→ Problem requirements
Starting with the line with "Rockin Rock Candy" in the entries below and going on through the line with "Chicken breast cooking", output every line exactly and nothing more. No pictures.

→ Exercise material
________________________

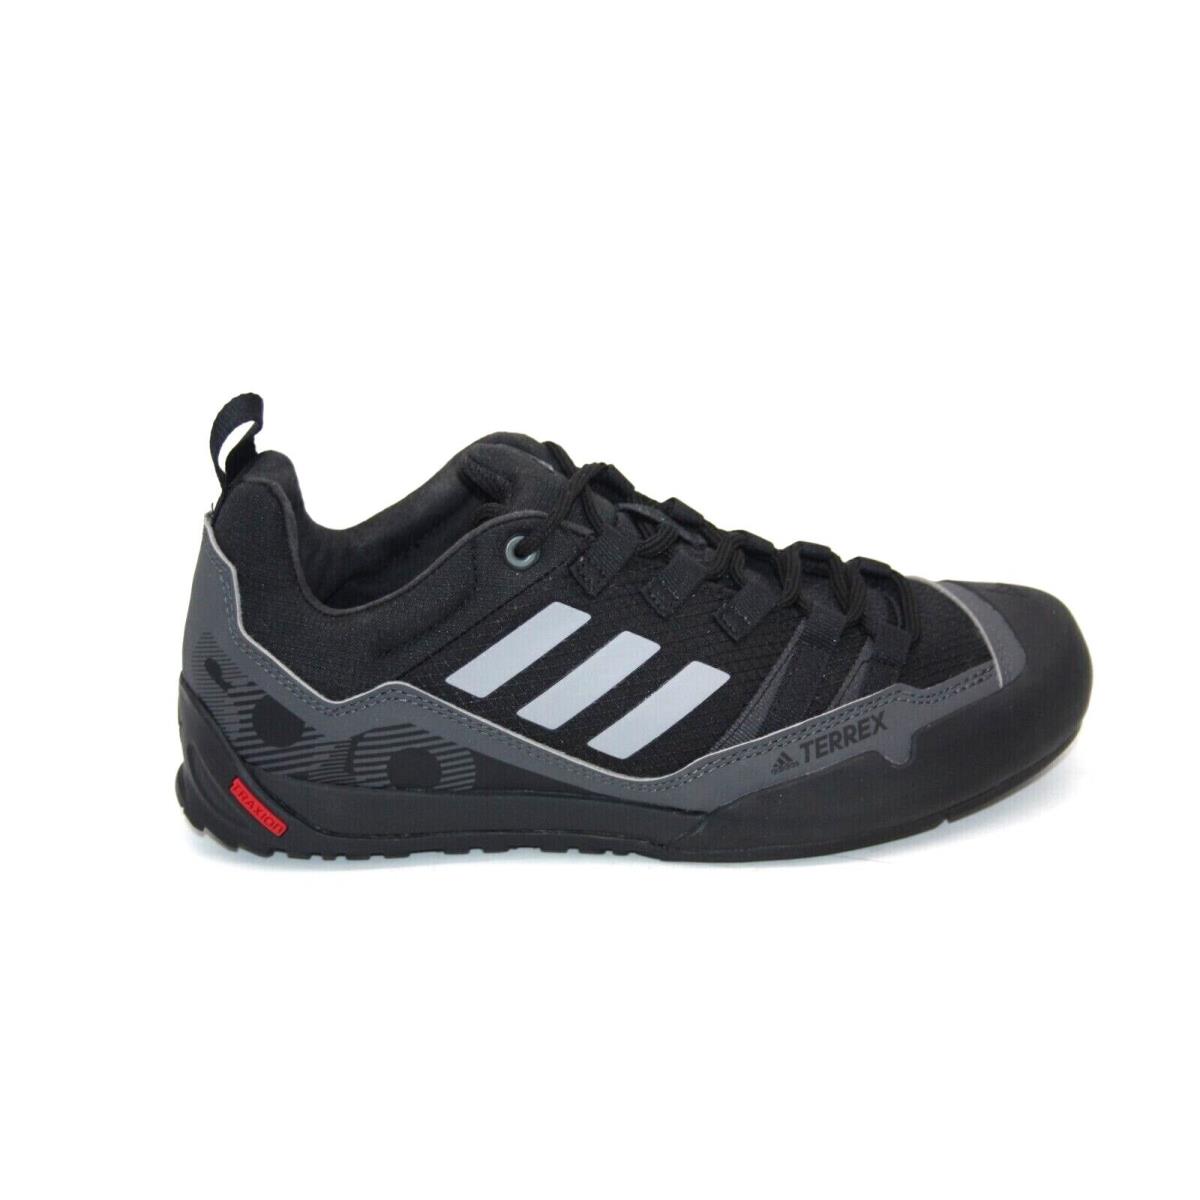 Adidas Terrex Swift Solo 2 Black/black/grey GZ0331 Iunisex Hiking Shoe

________________________

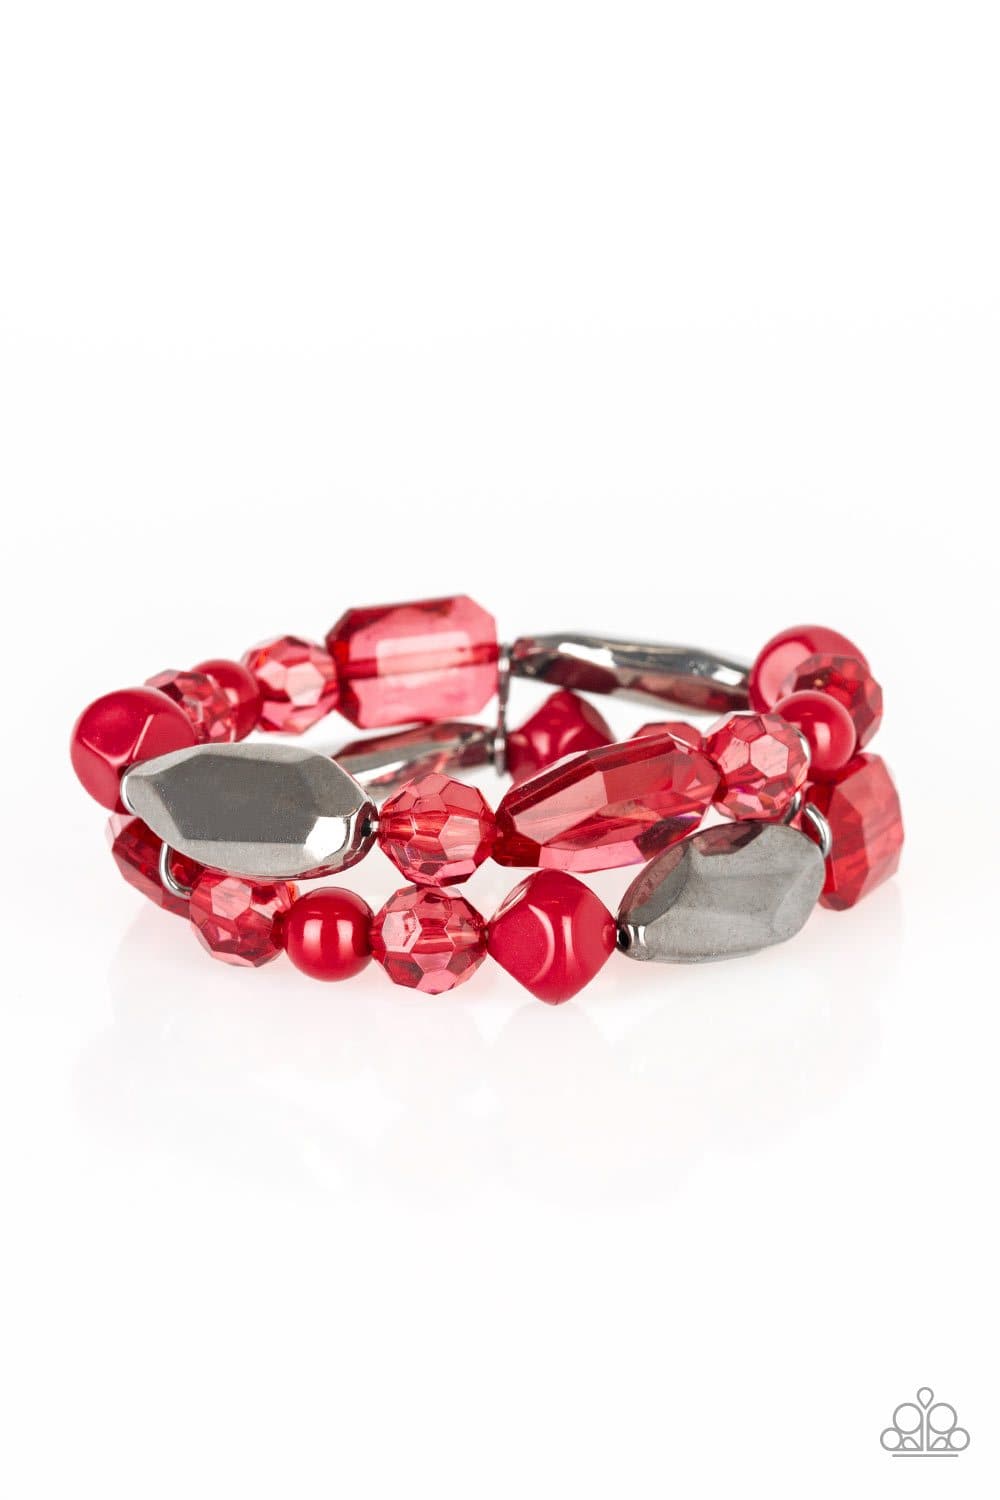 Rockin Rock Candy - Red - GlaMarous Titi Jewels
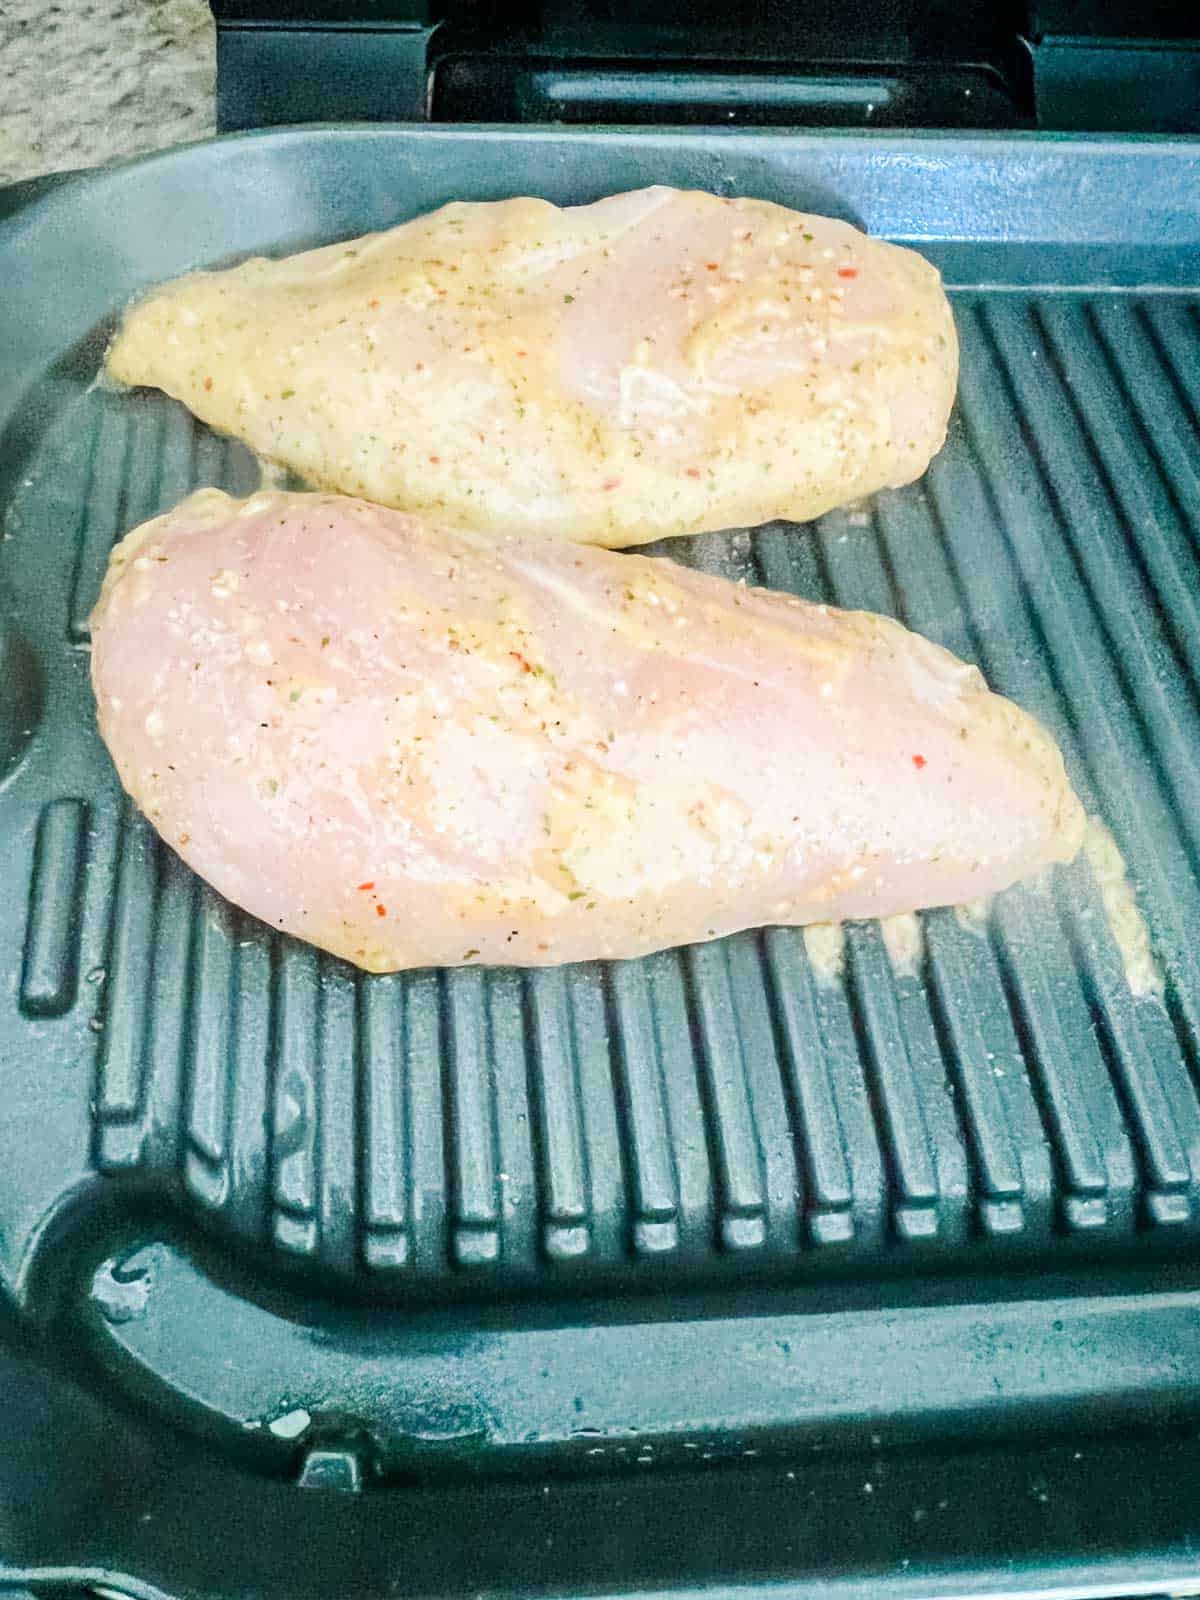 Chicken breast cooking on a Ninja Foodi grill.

________________________

→ Exercise output
 Rockin Rock Candy - Red - GlaMarous Titi Jewels
 Chicken breast cooking on a Ninja Foodi grill.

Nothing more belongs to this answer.